Dans Crazy Like Us: La mondialisation de la psyché américaine , la journaliste Ethan Watters montre comment l'impérialisme psychiatrique mène à une pandémie de maladies et de traitements occidentaux. Watters soutient que changer les idées d'une culture sur les troubles mentaux change les désordres de cette culture et épuise le stock de croyances et de coutumes locales qui, dans de nombreux cas, fournissaient de meilleures réponses aux problèmes que les antidépresseurs et les antipsychotiques. Pour Watters, la conséquence la plus dévastatrice de notre impact sur d'autres cultures n'est pas nos arches dorées, mais le bulldozer de la psyché humaine elle-même.

Il écrit:

En nous regardant à travers les yeux de ceux qui vivent dans des endroits où la tragédie humaine est encore ancrée dans des récits religieux et culturels complexes, nous avons un aperçu de notre moi moderne en tant que peuple profondément insécure et craintif. Nous investissons notre grande richesse dans la recherche et le traitement de ce trouble parce que nous avons soudainement perdu d'autres systèmes de croyances qui donnaient autrefois un sens et un contexte à notre souffrance.

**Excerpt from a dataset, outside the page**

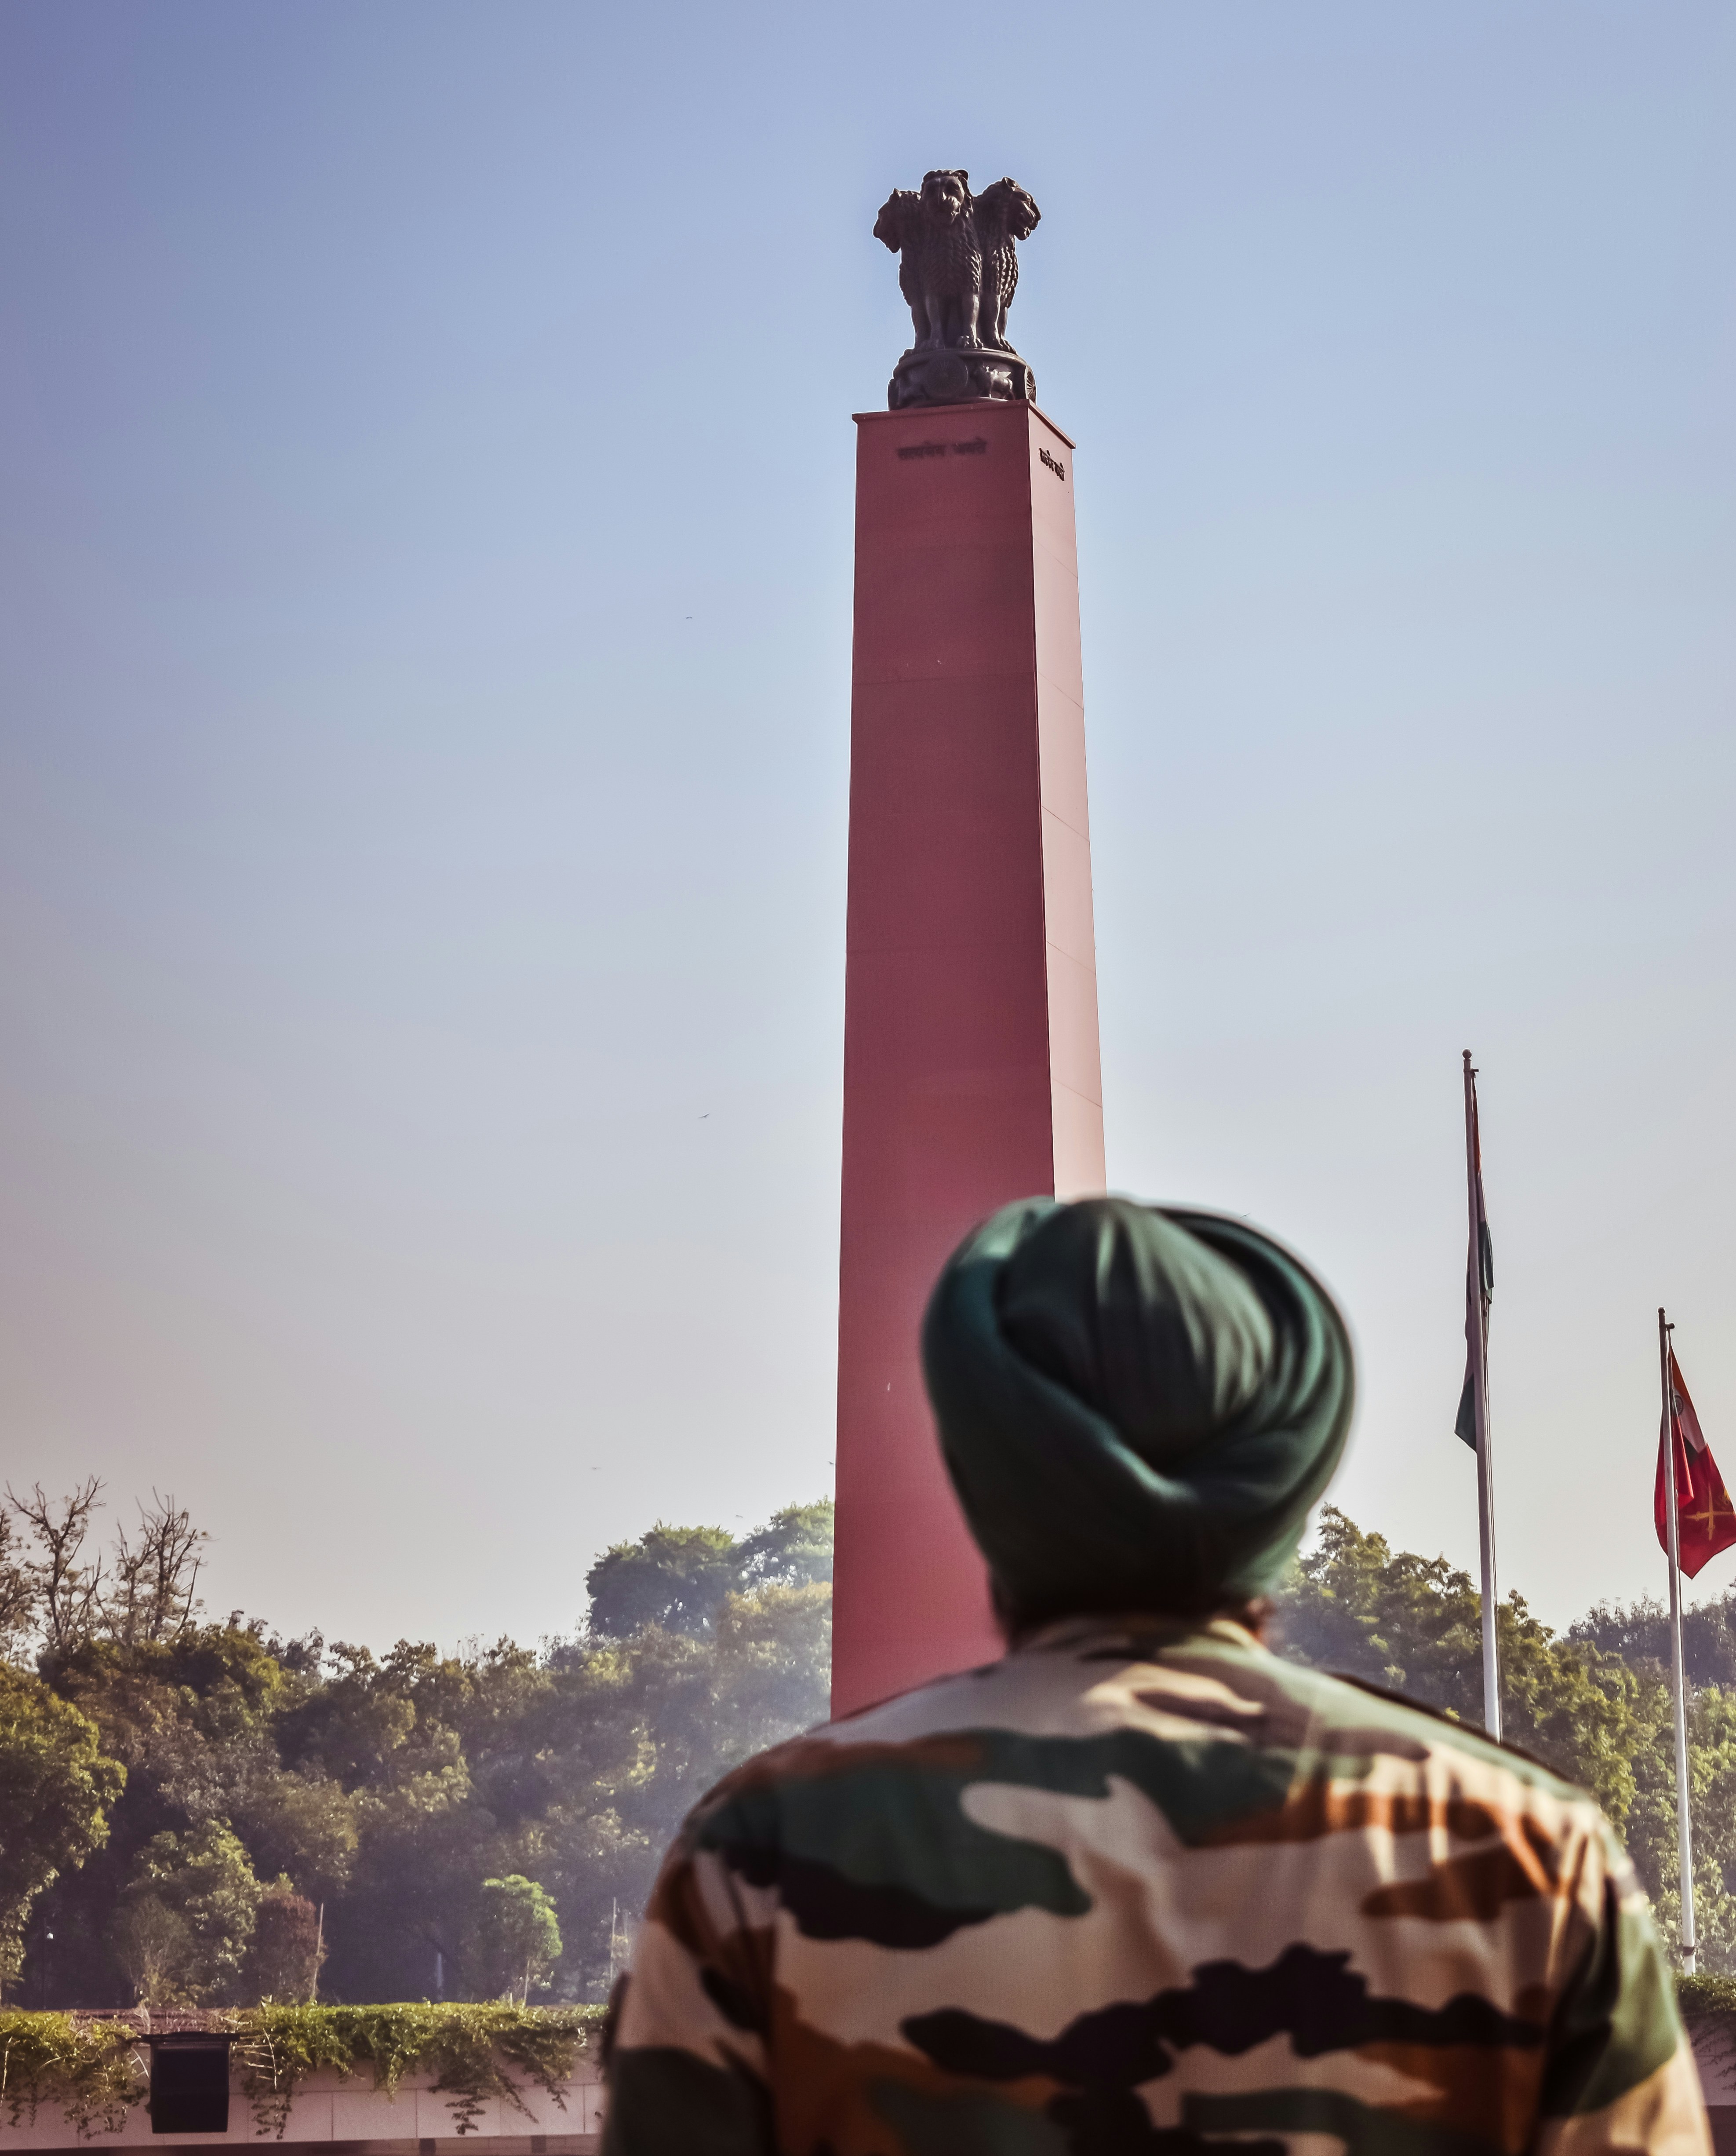 The National War Memorial is a monument built by the Government of India near India Gate, New Delhi
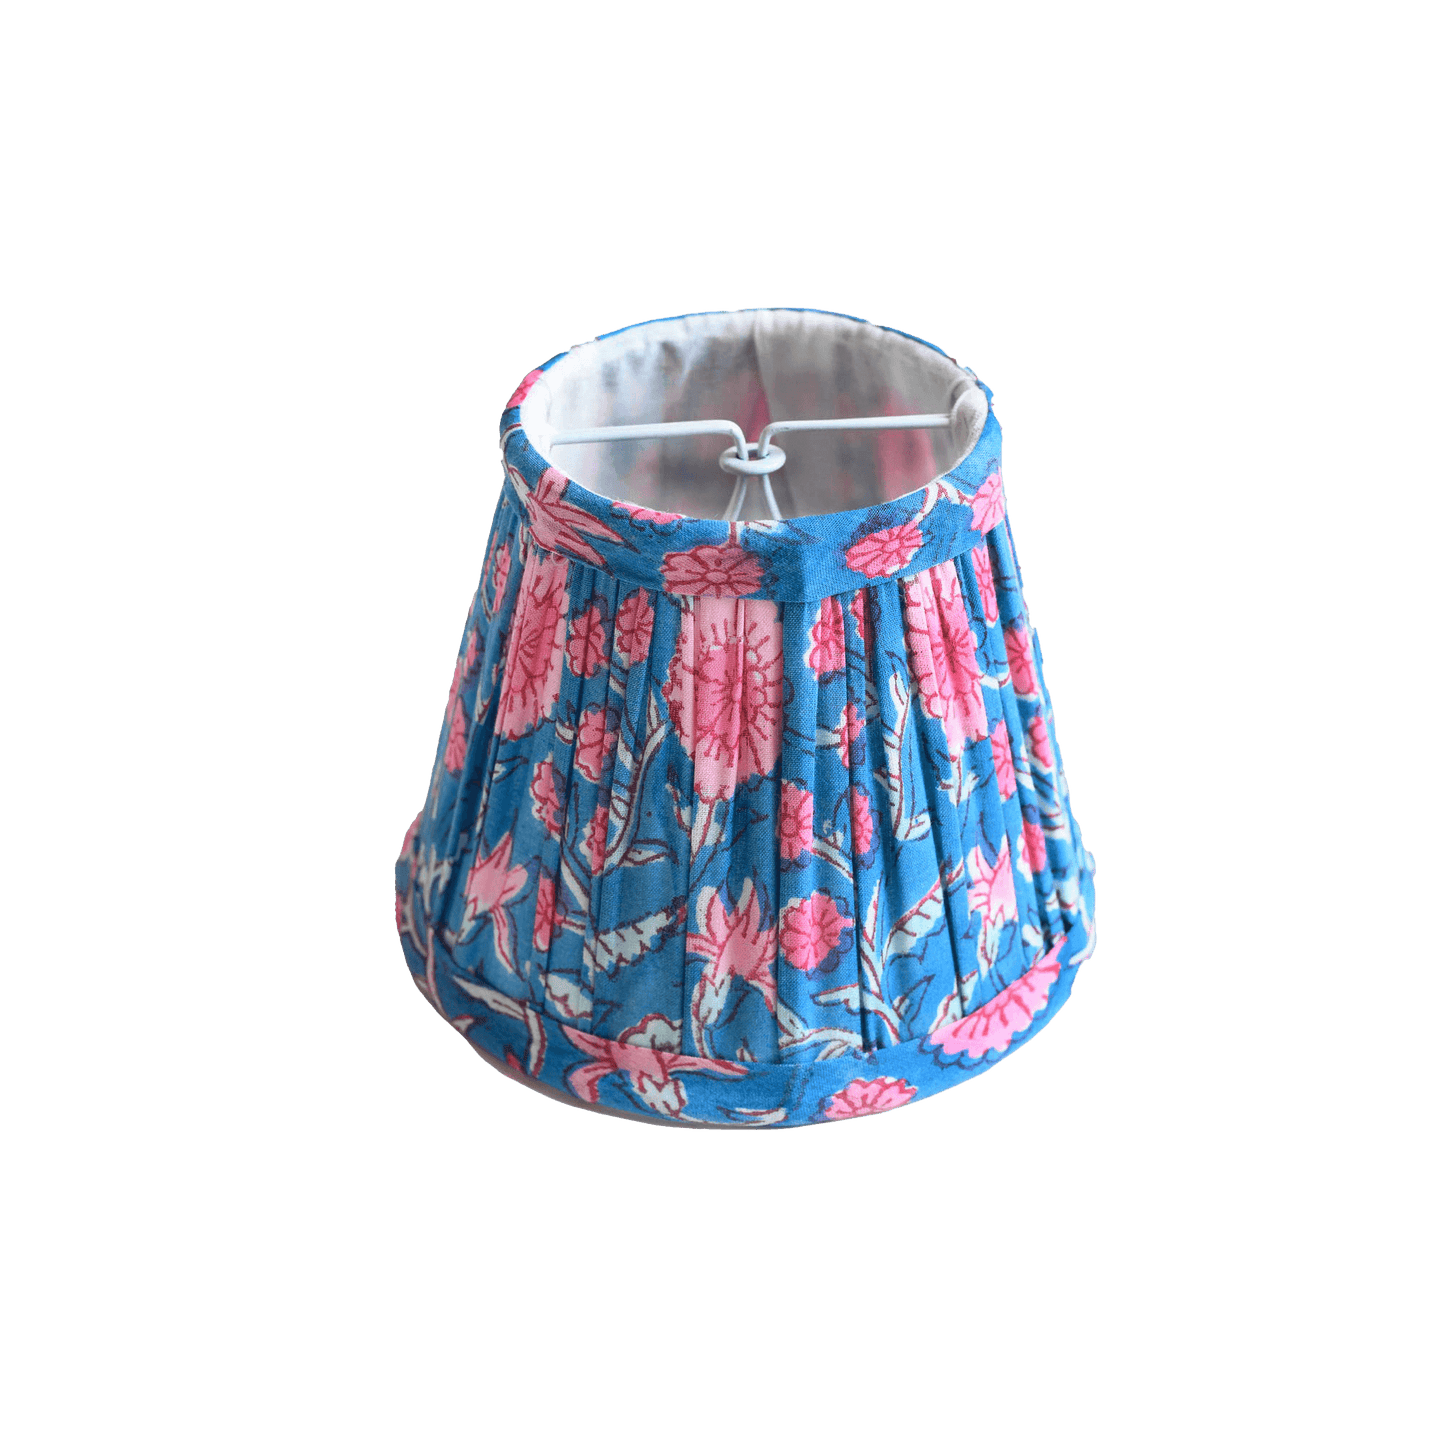 Hand block printed organic cotton pleated chandelier lampshade in blue and pink.

Les personnes en détresse sont inconsciemment poussées à extérioriser leur souffrance, en partie pour la rendre plus gérable, et en partie pour qu'elle puisse être reconnue et légitimée. Selon l'historien médical Edward Shorter, les croyances et les récits de notre culture sur la maladie nous fournissent un nombre limité de modèles ou de modèles de maladie permettant d'extérioriser notre détresse. Si des autorités telles que des psychiatres et des célébrités semblent cautionner ou tolérer un nouveau modèle comme le TDAH ou l'automutilation délibérée, le modèle entre dans le «bassin de symptômes» de notre culture et la maladie commence à se propager. En même temps, des gabarits fatigués s'échappent du bassin de symptômes, ce qui peut expliquer pourquoi des états tels que «l'hystérie» et la schizophrénie catatonique (schizophrénie dominée par une extrême agitation ou immobilité et maniérismes bizarres) sont devenus si rares.

L'incidence de la boulimie mentale a augmenté en 1992, année où le journaliste Andrew Morton a exposé la «maladie secrète» de la princesse Diana et a culminé en 1995, quand elle a révélé son trouble de l'alimentation au public. Il a commencé à décliner en 1997, l'année de sa mort tragique. Cette synchronologie suggère que le statut et le glamour de la princesse Diana combinés à une couverture médiatique intense de sa boulimie et de sa boulimie en général ont conduit à une augmentation de l'incidence du trouble.

Une autre explication est que l'exemple de la princesse Diana a encouragé les gens à s'avouer et à admettre leur trouble de l'alimentation. De même, il se pourrait que les Japonais aient toujours souffert de dépression, mais l'aient caché ou n'aient pas eu un modèle permettant de le reconnaître ou de l'extérioriser. Le danger pour nous, les psychiatres et les professionnels de la santé, dans le traitement des personnes atteintes de troubles mentaux est de traiter le modèle sans aborder ni même reconnaître la détresse très réelle qui se cache derrière.

Neel Burton est l'auteur de The Meaning of Madness et d'autres livres.